Pissarro’s father and mother went on to have four children.  Camille was the third son and he and his parents and siblings lived a comfortable existence in a large and spacious apartment over the family shop on Dronnigens Gade, the main street, of Charlotte Amalie, the capital of St Thomas.    At the age of twelve, so as to ensure he had a good education, Camille was sent to France to attend a boarding school in Passy, a small town in a district of Paris , on the right bank of the Seine.  It was whilst studying in Paris that the young Camille developed a love for art and would often visit the Louvre.  After five years studying in France,  Camille Pissarro returned home to Saint Thomas where his father was hoping he would enter the family business.  However the young Pissarro was unimpressed at having to act as a cargo clerk at the harbour and had other ideas for his future.  During his time at the harbour he would spend most of his time sketching.  It was whilst sketching one day that he met Fritz Melbye, a Danish marine painter who was also living on St Thomas.  He liked the enthusiasm Pissarro had for sketching and painting and he began to mentor him and eventually persuaded him that he should become a full time artist.  Pissarro was delighted and much to his father’s chagrin in 1852 gave up the family job and went off with Melbye to Venezuela where the two of them based themselves in Caracas and stayed for two years sketching and painting landscapes and village scenes.  Pissarro once reflected on his decision to leave his comfortable home and his position in the family business saying:

“…I abandoned all I had and bolted to Caracas to get clear of the bondage of bourgeois life…”

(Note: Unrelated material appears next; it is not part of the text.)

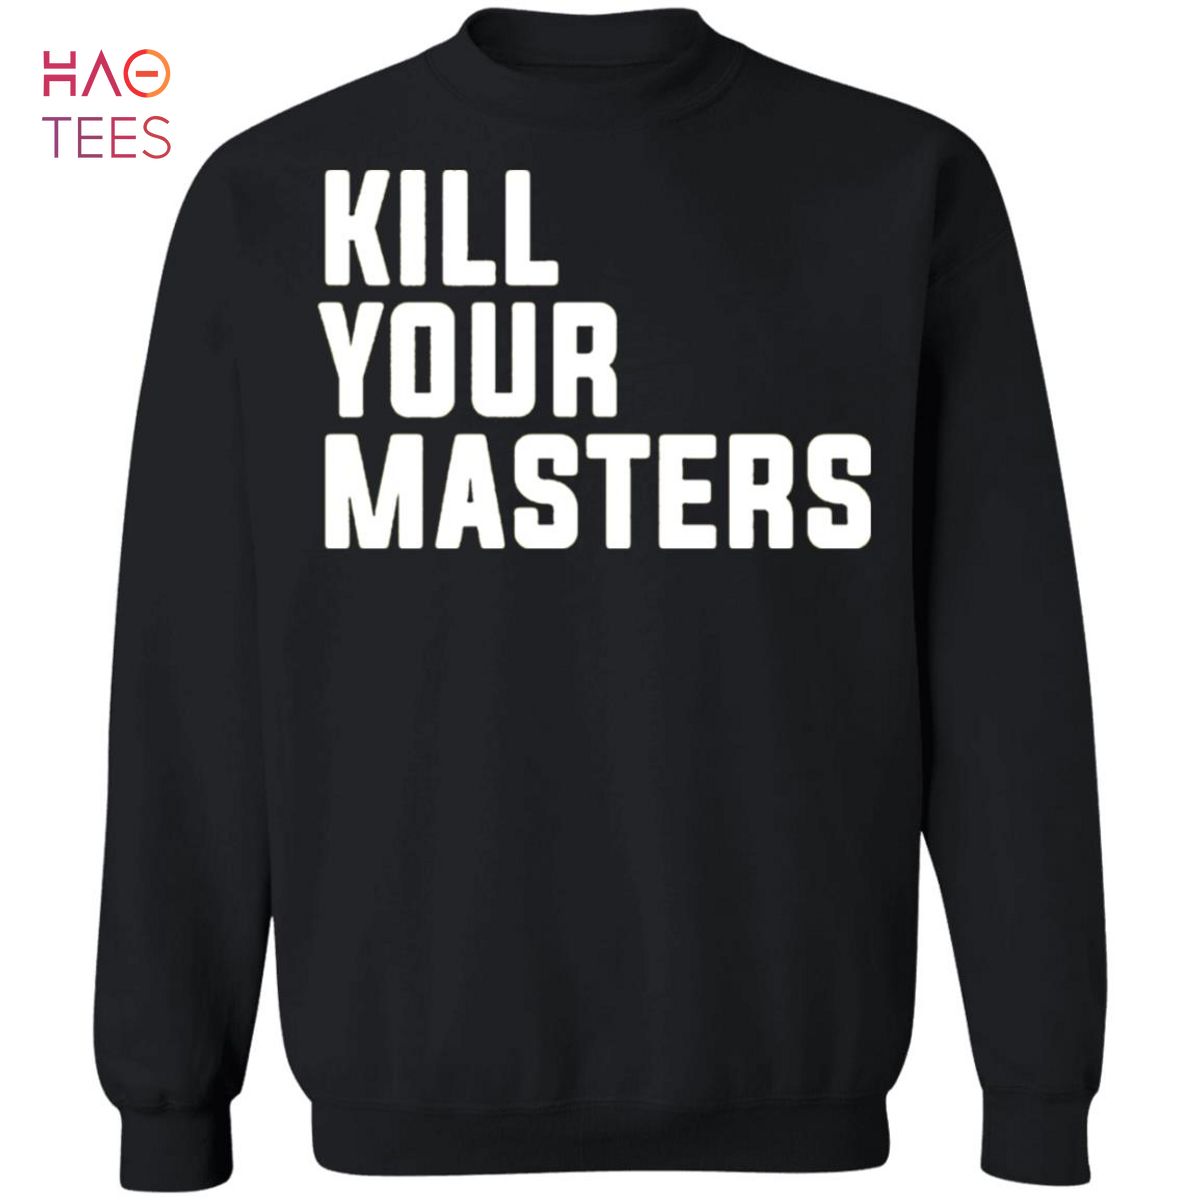 [NEW] Kill Your Masters Sweater

In 1854, he returned home to Saint Thomas and his parents realised that any attempt to persuade the son to settle down would be fruitless and so they gave him their blessing to seek his fortune as an artist and the following year he left Saint Thomas for the last time and went to live in Paris.  He went initially to stay with the French branch of his family who gave him financial support, in order to have him follow a more serious artistic training.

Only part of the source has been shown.